Cate Blanchett, bizi kendisinin Jasmine olduğuna inandırırken o kadar iyi bir oyunculuk sergiliyor ki, yer yer gerçeğe tanık olduğunuzu düşünebilirsiniz. Bu aynı zamanda bir kaç katmanlı bir oyunculuk, Jasmine'in gerçekliği kadar, karakterin kendini inandırdığı gerçekliğe de Jasmine üzerinden inanıyoruz. Çok uzun zamandır bu kadar iyi bir oyunculuk görmemiştim. Bir insan nasıl delirir? Ya da delilik nasıl bir şey diye düşündüğümde aklıma bu oyunculuğun geleceğinden eminim artık. Hayatımda da tanık olduğum bazı insanların bazı hallerine selam eden, bu delilik tanımını dolduran performans doğal olarak Akademi tarafından da ödüllendirildi. 

Yan rollerde Alec Baldwin, büyük ihtimalle gerçek hayatında da olduğu gibi adi bir adamı canlandırıyor ve bunda çok başarılı. Ginger rolünde Sally Hawkins de hatrı sayılır bir oyunculuk sergiliyor. Ama bu iki karakterden çok daha göze batan Augie, Andrew Dice Clay sağolsun kanlı canlı bir gerçekliğe sahip. Andrew kardeşimizin yeralacaığı yapımları takibe almak gerek diye düşünüyorum. Louis C. K., Al'ı perdeye taşırken pek kasmamış, zaten bana kalırsa iyi bir oyuncu da değildir. Yine de kendisini görmek güzel.

Mavi Yasemin, bu etmenler üzerinden çok başarılı bir psikolojik gerilim olarak tanımlanabilir. Ve yapıt üzerinden kendi hayatımıza baktığımızda gerçekte kim olduğumuzu ve zaman zaman her şeyi katlanılabilir kılmak için üstlendiğimiz roller, kendimizi kandırdırdığımız yalanlar, görmezden geldiğimiz gerçekler için kafa yorabiliriz bana kalırsa.

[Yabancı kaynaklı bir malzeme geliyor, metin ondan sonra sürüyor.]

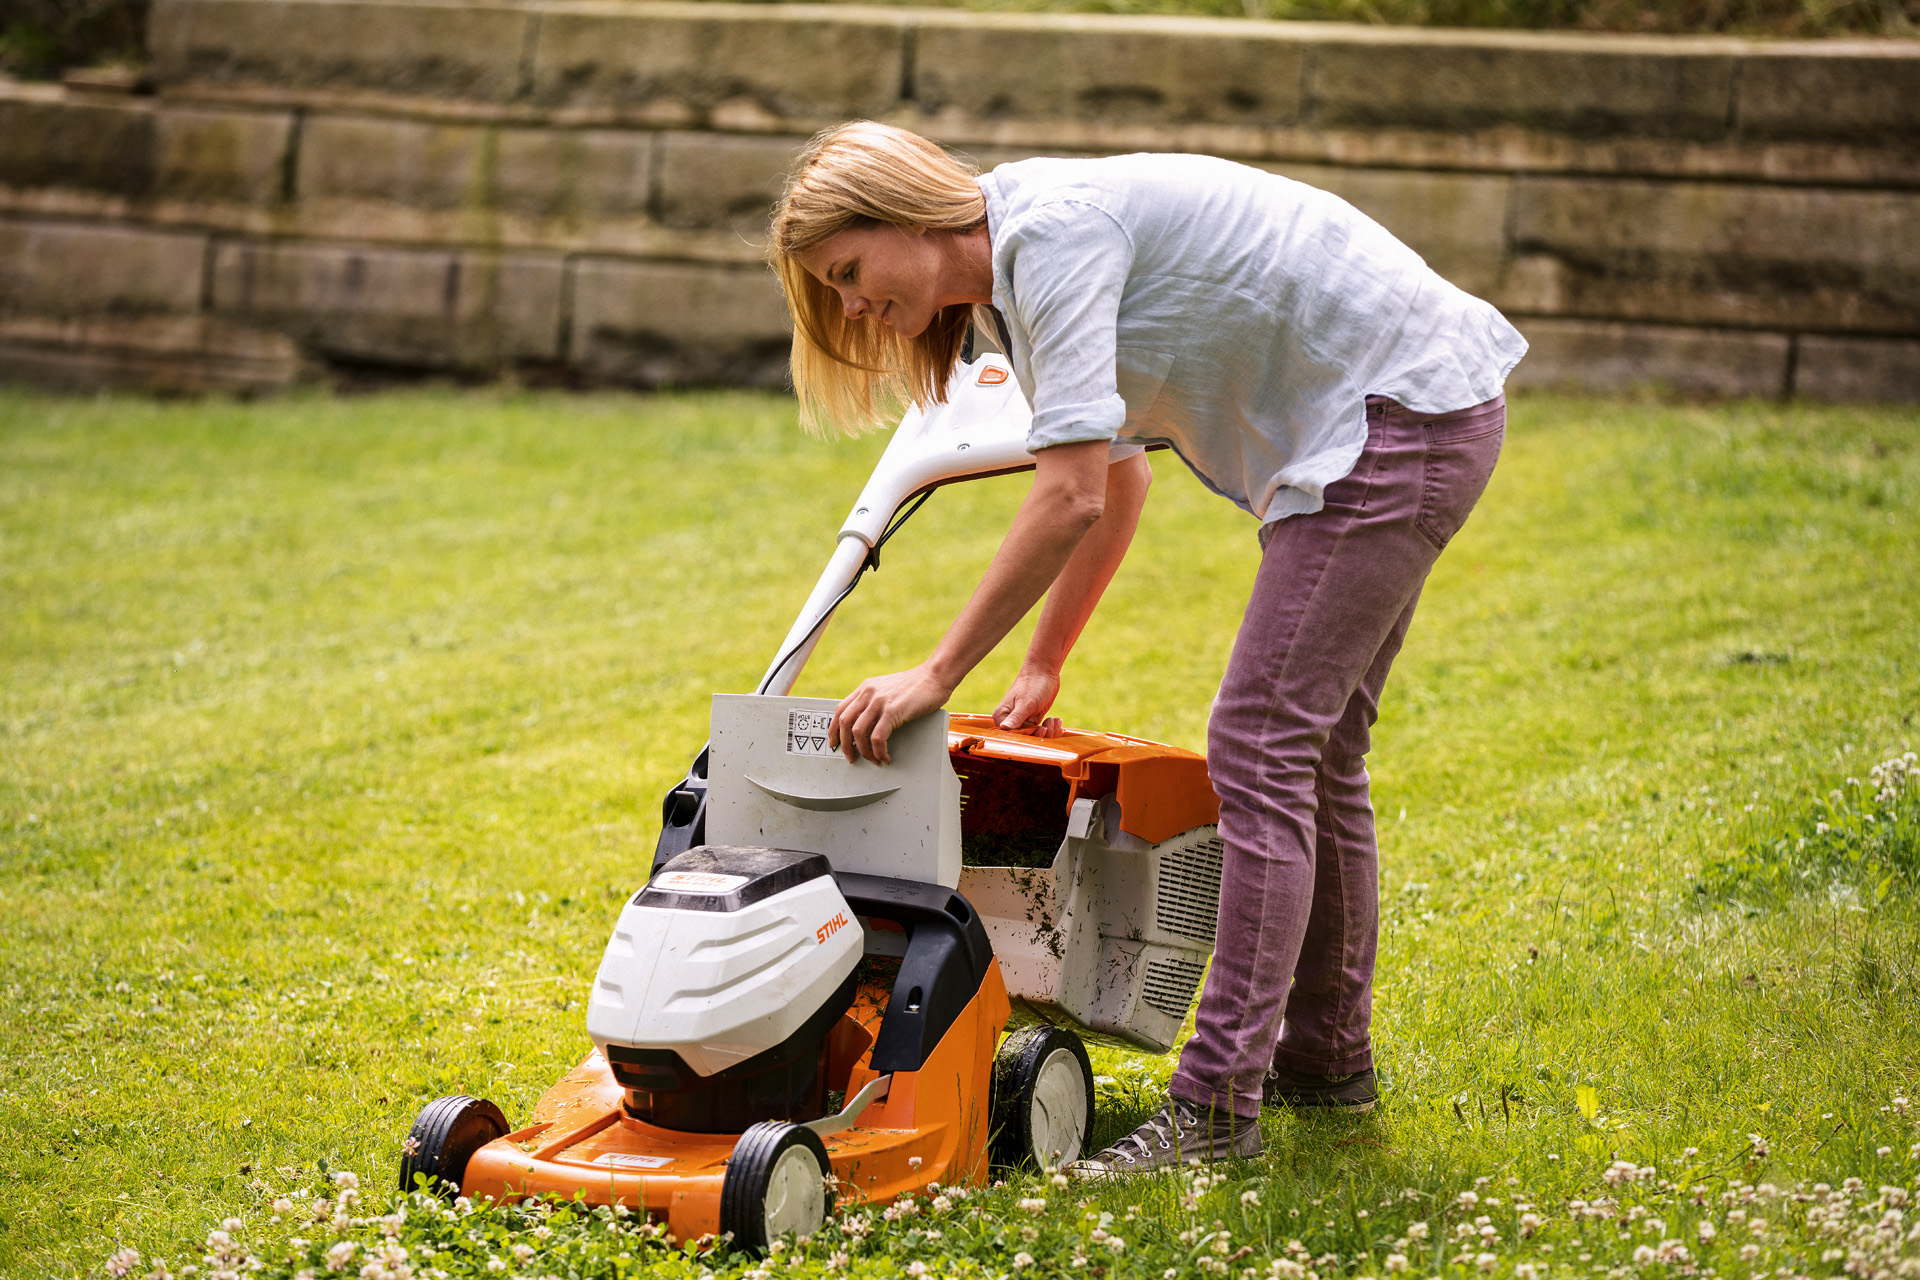 How to choose the best lawnmower for your lawn

Bu açıdan bakıldığında film izleyici için bir doğru ayna görevi de görüyor. 

Sırf bunun için bu filmi ne yapıp edip izlemenizi rica ediyorum.

Naçizane puanım; 8/10

Neden izlenmeli? Yazıyı okumayanlar için, Cate Blanchett

Bu filmleri izleyenlerin ilgisini çekebilir; Matchpoint, A Streetcar Named Desire

Evde izlenir mi? Tabii ki, zaten başka şansınız kalmadı sanırım.